Lack of maintenance 

Keeping your yard looking fresh is just as important as making sure it’s designed well in the first place, says Jenny Jones, senior landscape designer at Terremoto Landscape Architecture. She calls weeding free stress relief, but “if you don’t have time to take care of your own garden, please know the value of a well-trained and well-paid gardener,” she says. 

Credit: Foras Studio

Going too big

“Subtlety is okay,” says Jones. “Don’t be seduced by showy plants you see on the internet or at the nursery. We see a lot of gardens populated with plants that are inappropriate, either because they are invasive, poisonous, or are simply out of context.” Feather grass and fire sticks may be beautiful, but they don’t belong in your garden, she says—feather grass is invasive, and the sap from the aptly-named fire stick can leave you burned. 

Heavy-handed pruning

“Pruning is an art,” says Jones. And just like trimming bangs, it’s easy to take off too much too fast. “We cringe when we see natives sheared like boxwood, plants that are cut back so they don’t intermingle, and trees that are rudely trimmed,” she says. “Take your time and be thoughtful about it.”

Credit: Sotheby's

Idolizing Pinterest

Jones is anti-pinning. While Pinterest can be great for inspiration, those images are divorced from the reality of your home and your climate. “Good design looks at the space and the house and the climate, sees the vibe,” says Isabelle Dahlin, the woman behind the design studio Dekor, which does landscape design as well as interior design and staging. “Then you choose plants accordingly.”

Planting for now and not for the future

It’s all about the “big reveal” in landscape design, says Dahlin. And that “big reveal” doesn’t come right away, or even shortly thereafter, she says: “People want it to be so perfect when you install, but you have to give it six months to grow.”

Credit: shippee

Mixing too many colors

All too often, homeowners do too much color mixing in both their hardscaping and landscaping, says Dahlin. One no-no is using warm woods with cool stone. “People don’t think about how the stone will look,” says Dahlin. In terms of your plants, “try to keep the palette to three,” she says. 

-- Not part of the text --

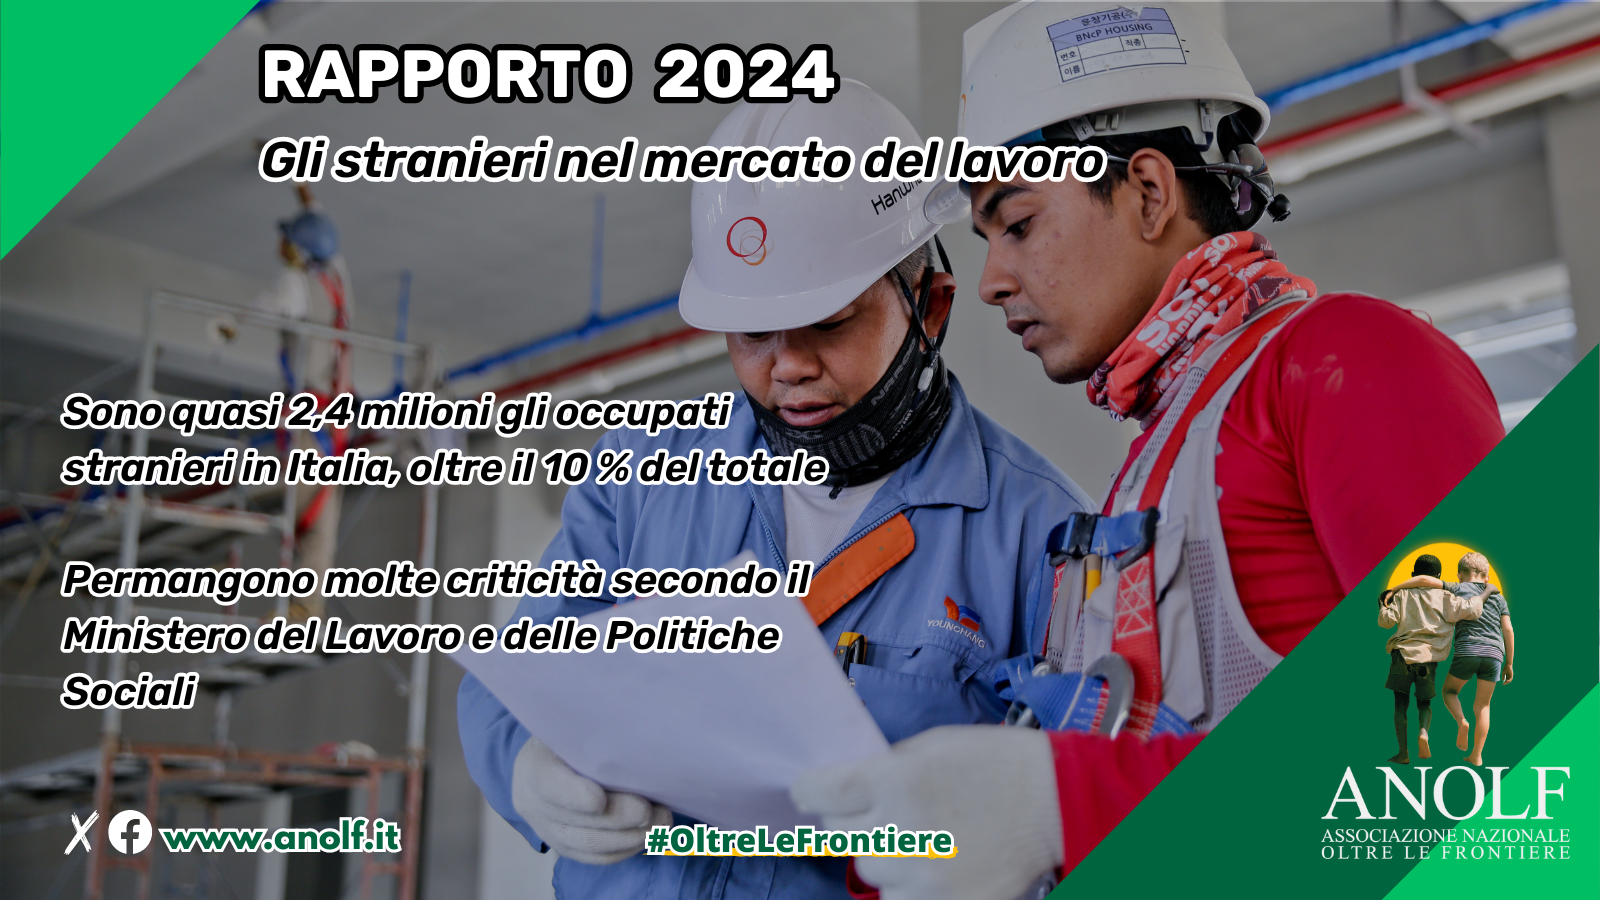 Rapporto 2024 del Ministero del Lavoro “Gli stranieri nel mercato del lavoro”

Going with one-hit wonders

Dahlin encourages people to repeat plants across the landscape: “You can do six of one, and six of the other.” What you shouldn’t do, she says, is plant just one of something. It’s also a pet peeve of Marc Delouvrier, senior landscape architect at AECOM. “It all comes back to continuity and design,” he says. “People do one-offs, and it does the design a disservice. The item could be really cool, maybe, if there was more of it.”